§ TASK
Transcribe every record as it stands and set the images aside.

(Stored dataset items)
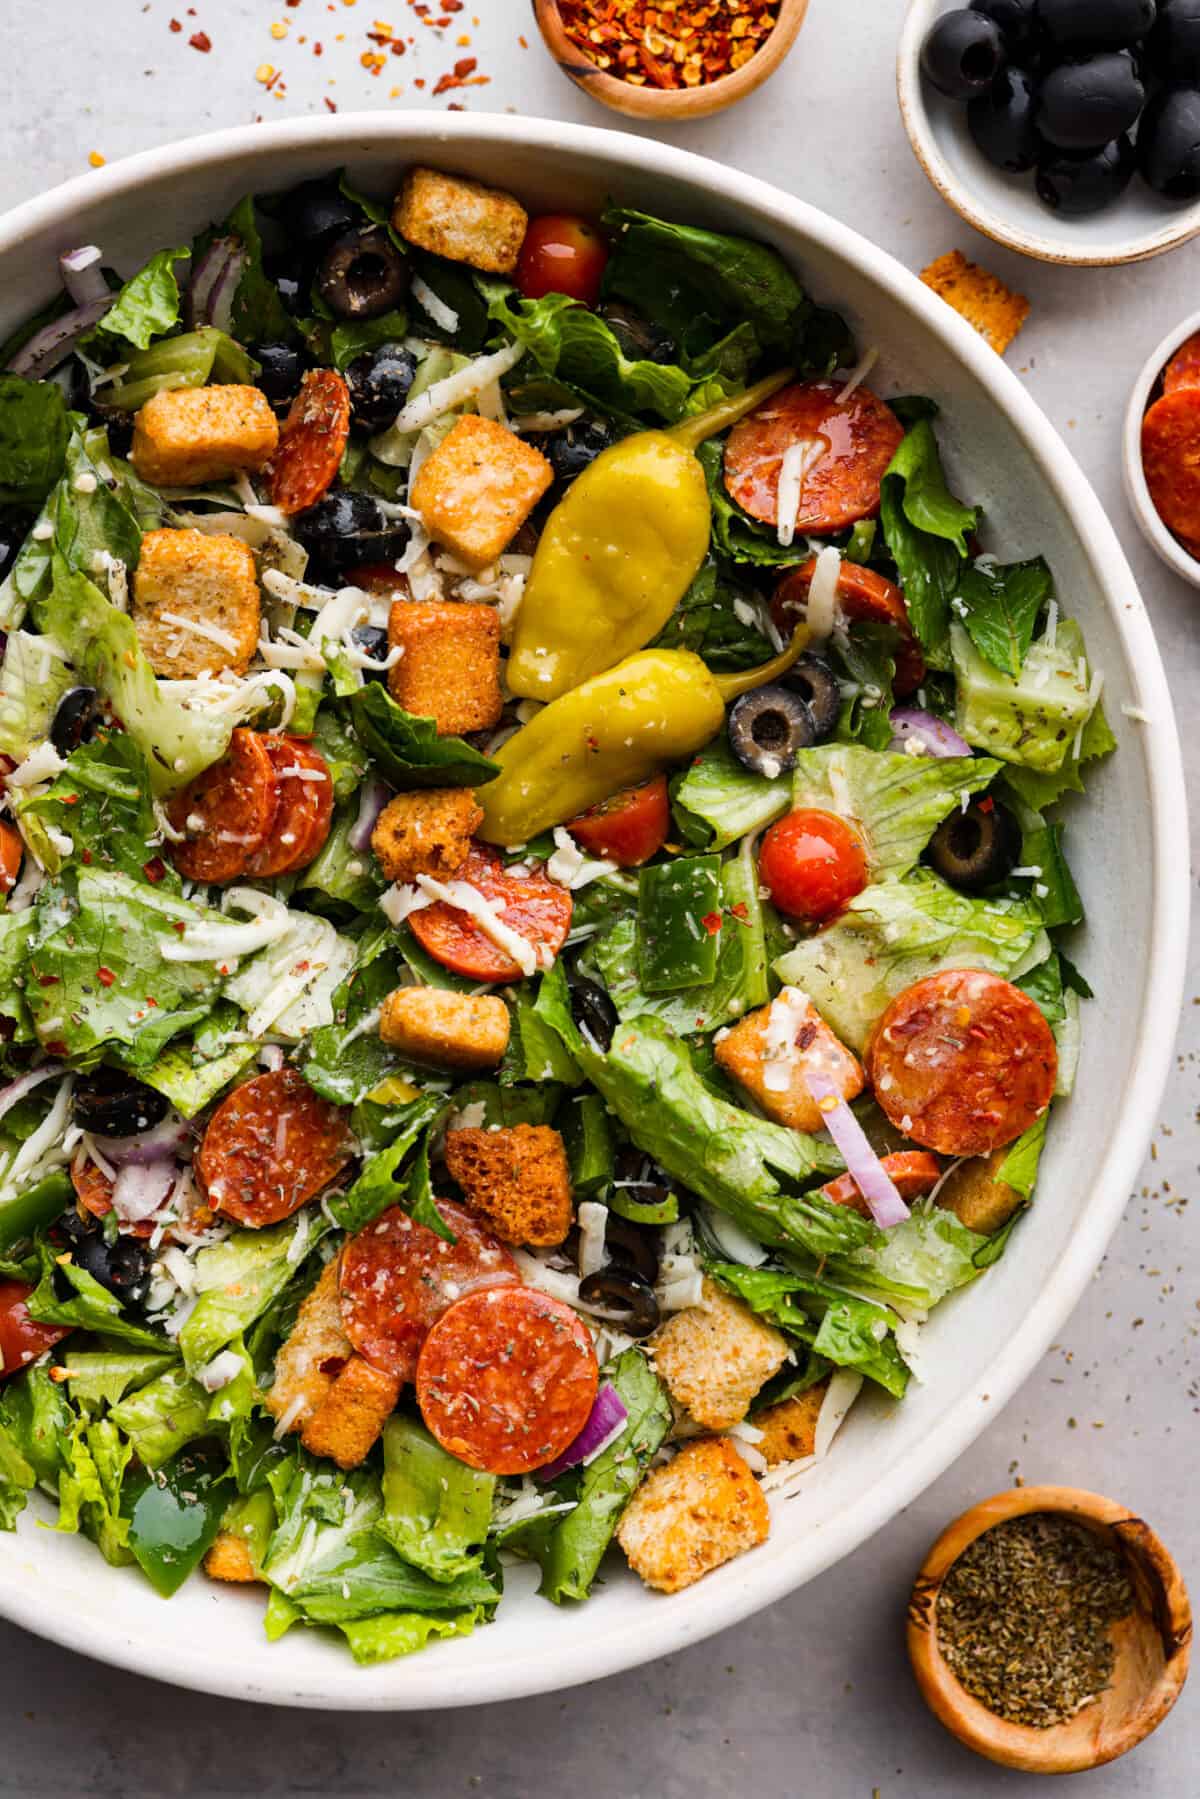 A bowl of lettuce with croutons, pepperoni, olives, tomatoes, purple onions,green bell peppers and cheese with Italian dressing. 
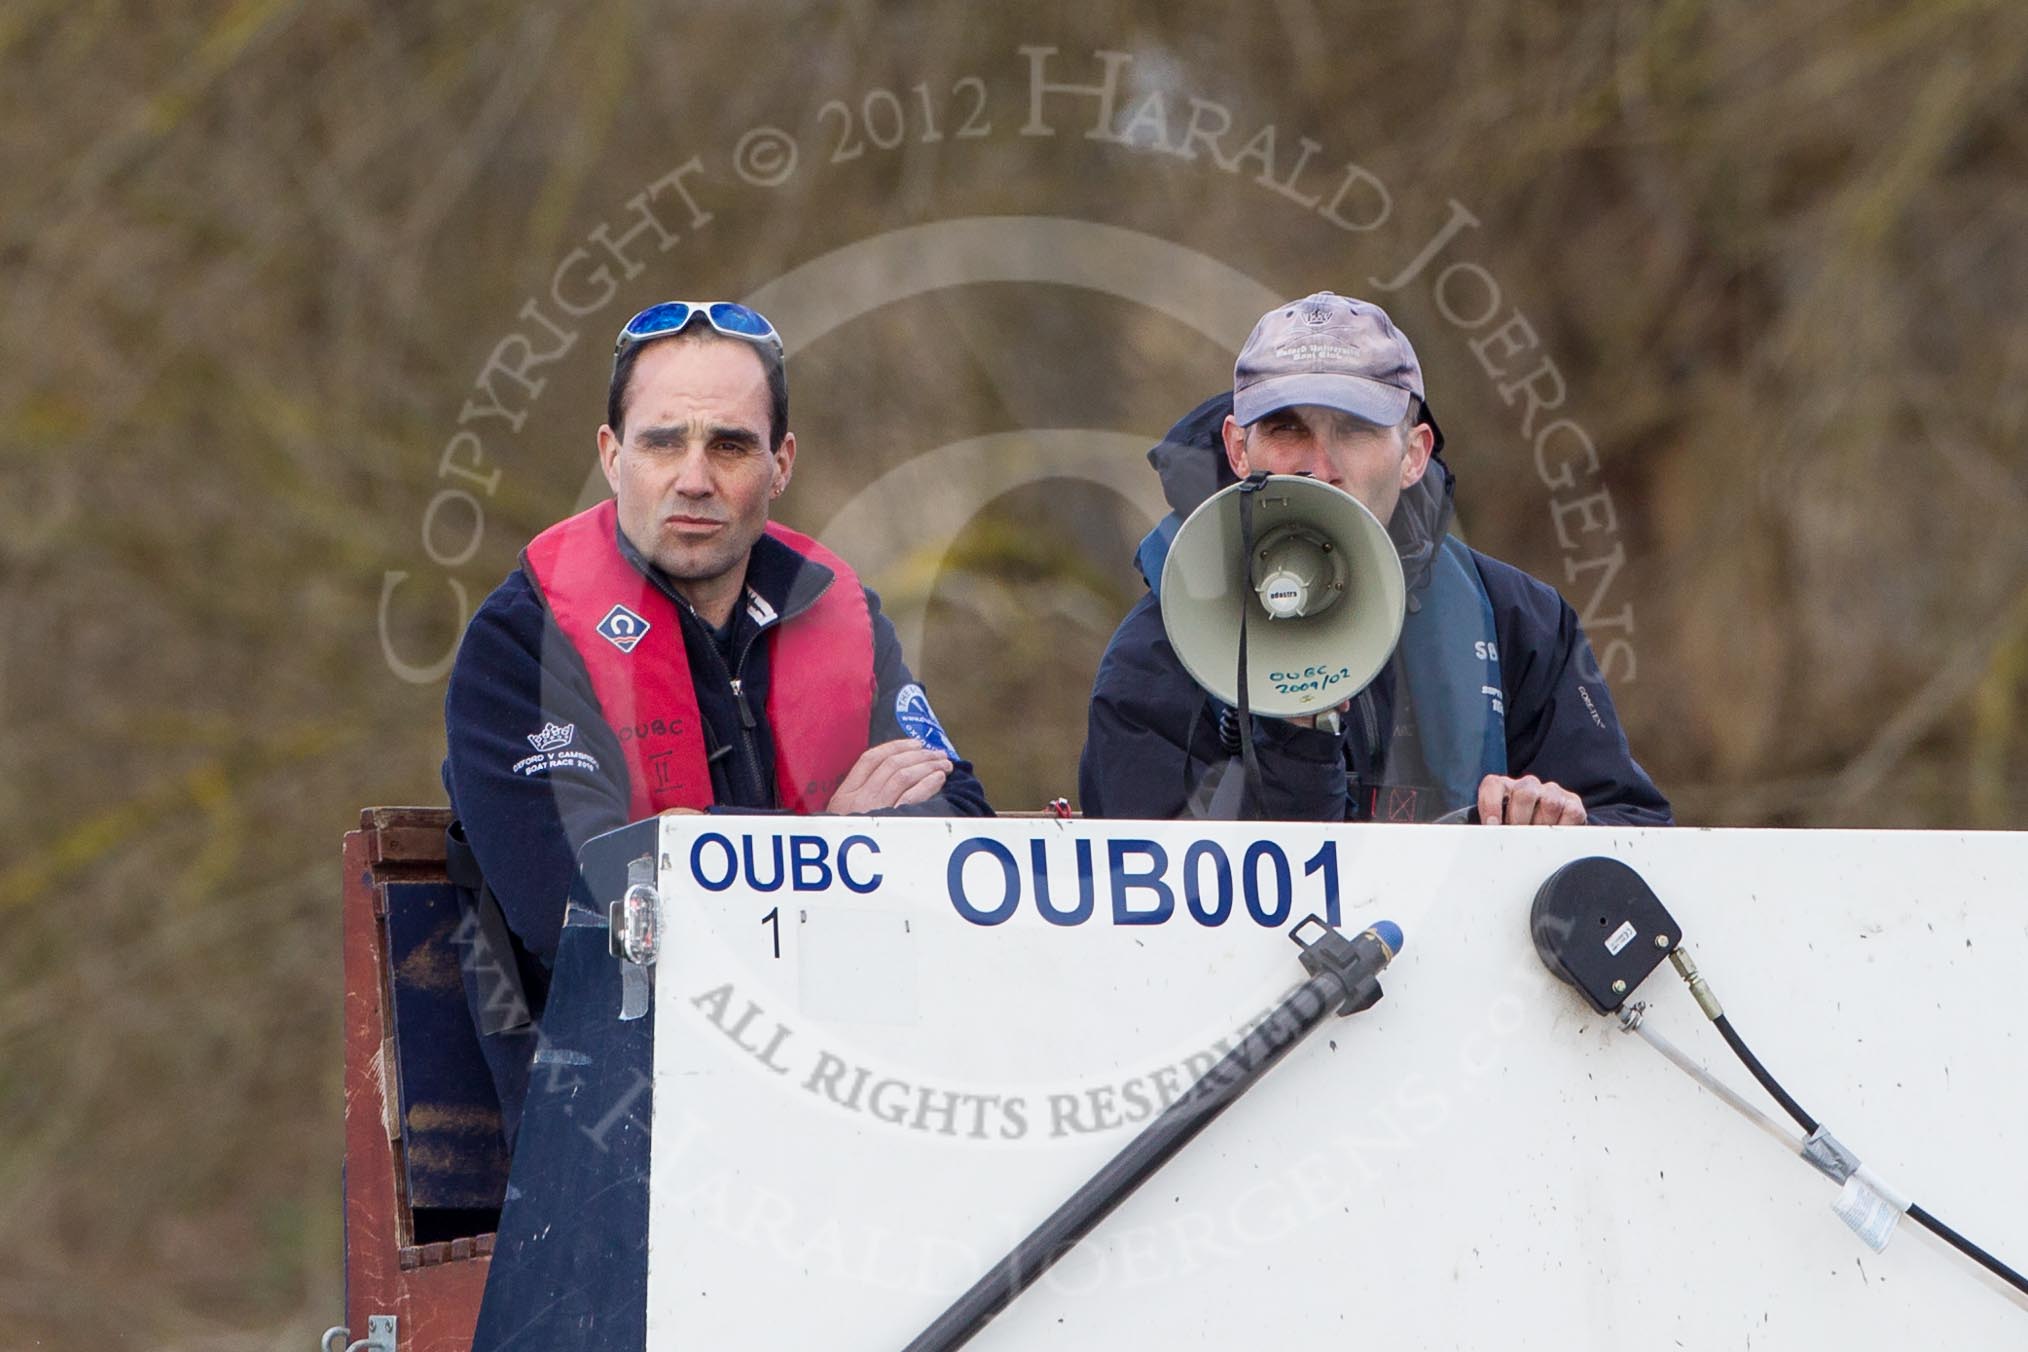 The Boat Race season 2012 - OUBC training: OUBC coach Filipe Salbany and Chief Coach Sean Bowden..


Oxfordshire,
United Kingdom,
on 20 March 2012 at 15:08, image #21

§ YOUR SOLUTION
 A bowl of lettuce with croutons, pepperoni, olives, tomatoes, purple onions,green bell peppers and cheese with Italian dressing. 
 The Boat Race season 2012 - OUBC training: OUBC coach Filipe Salbany and Chief Coach Sean Bowden..


Oxfordshire,
United Kingdom,
on 20 March 2012 at 15:08, image #21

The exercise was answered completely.